Work to complete —
A verbatim transcript of the data below is required, images omitted.

Information provided —
# # # # # # #
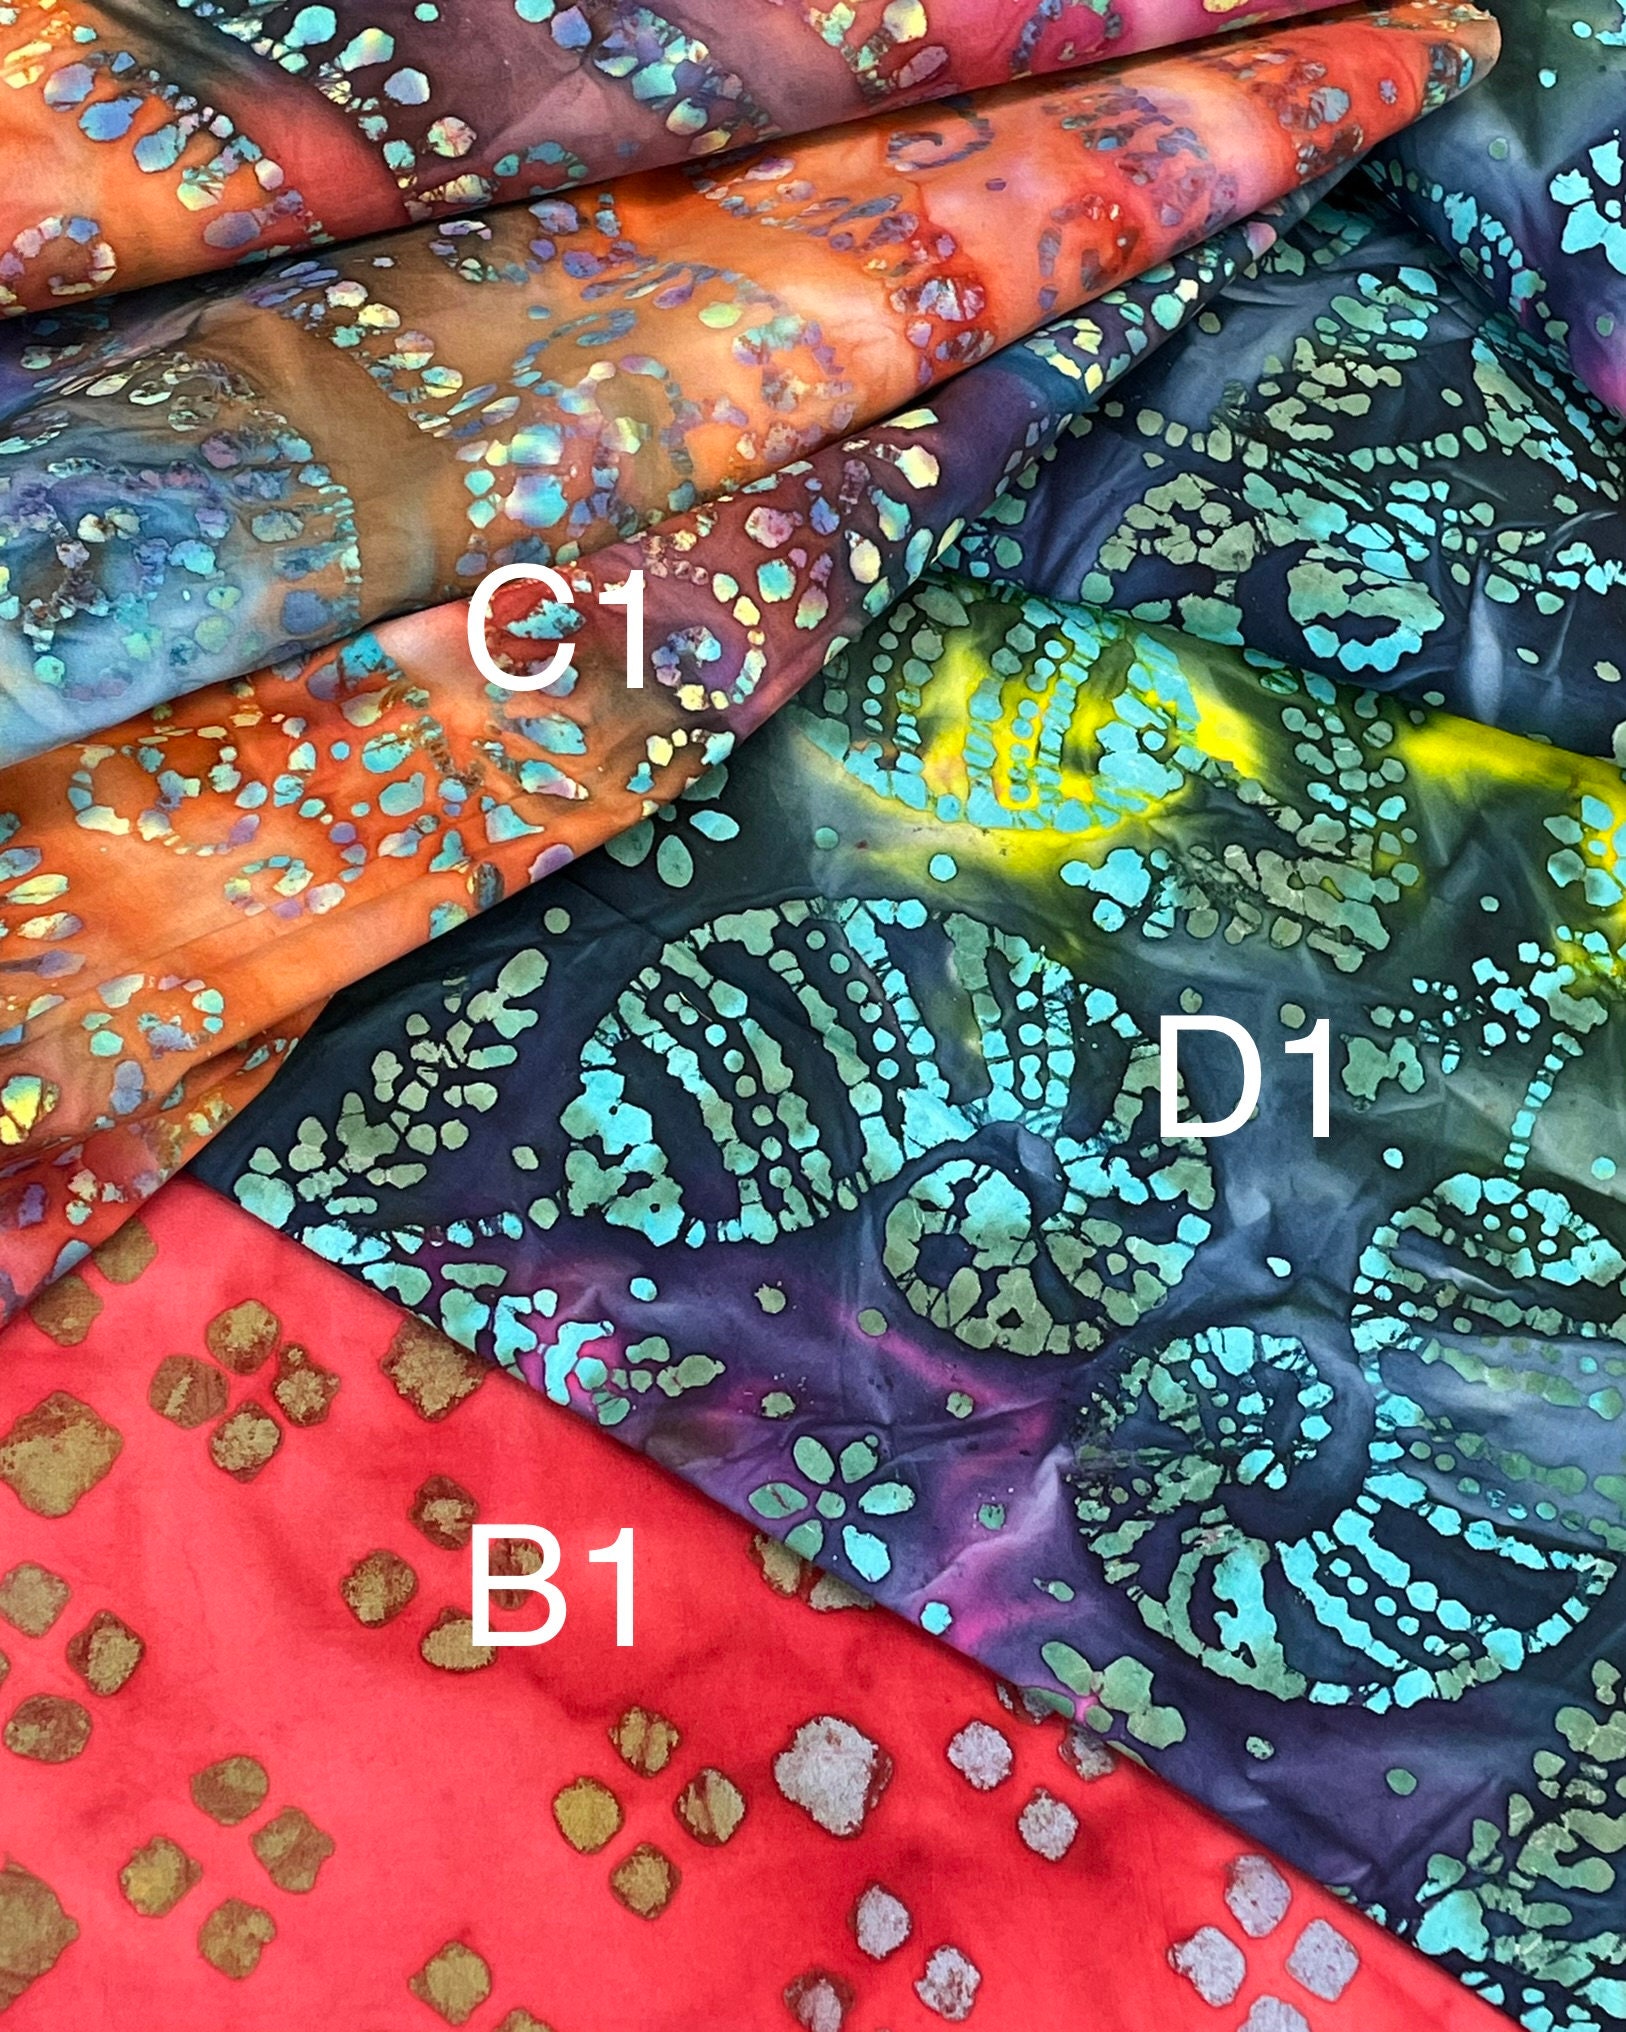 100% Cotton Hand Painted Batik Fabric by Nutex. Batik Material
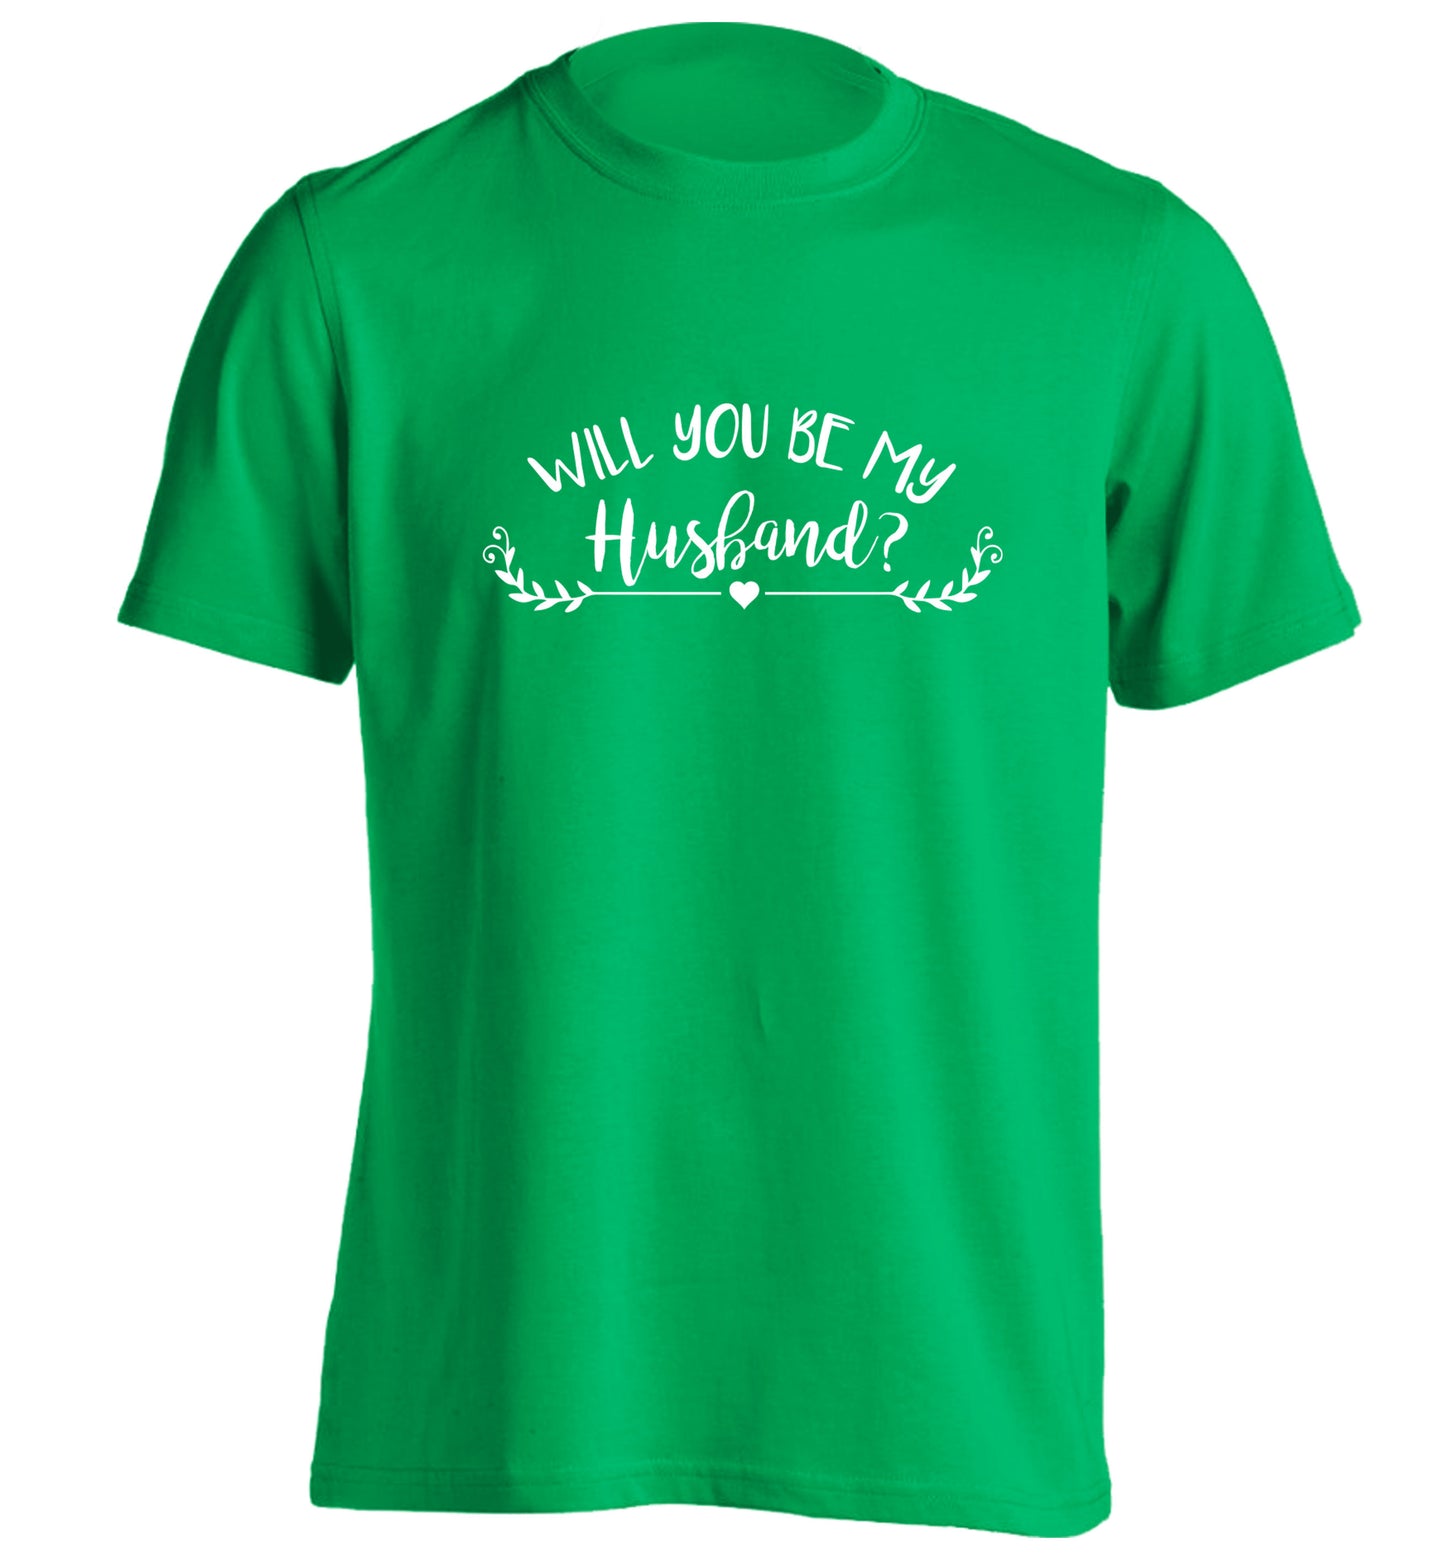 Will you be my husband? adults unisex green Tshirt 2XL
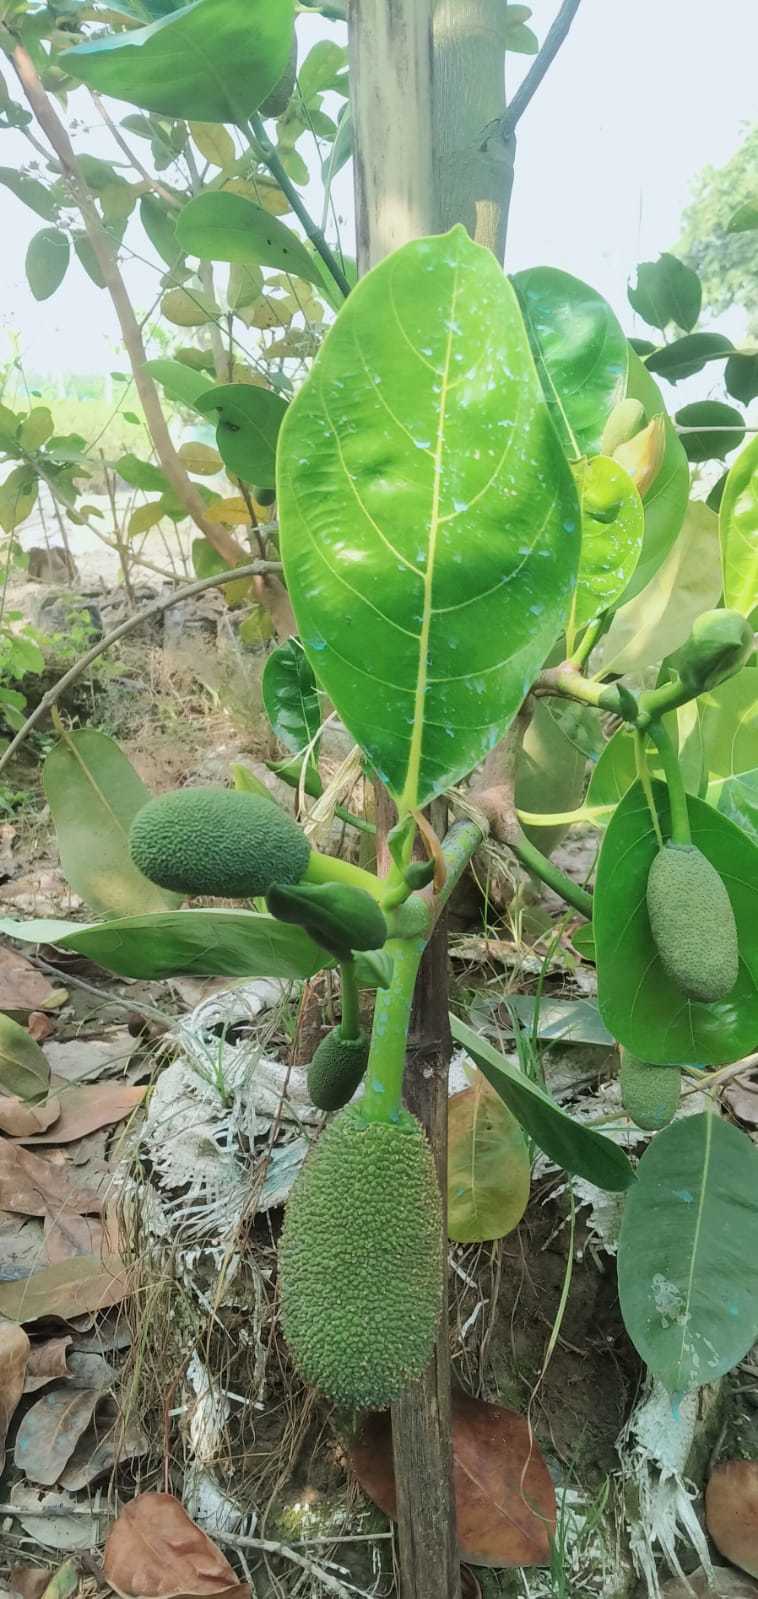 All time jackfruit plants
# # # # # # #
Exercise answer —
 100% Cotton Hand Painted Batik Fabric by Nutex. Batik Material
 Will you be my husband? adults unisex green Tshirt 2XL
 All time jackfruit plants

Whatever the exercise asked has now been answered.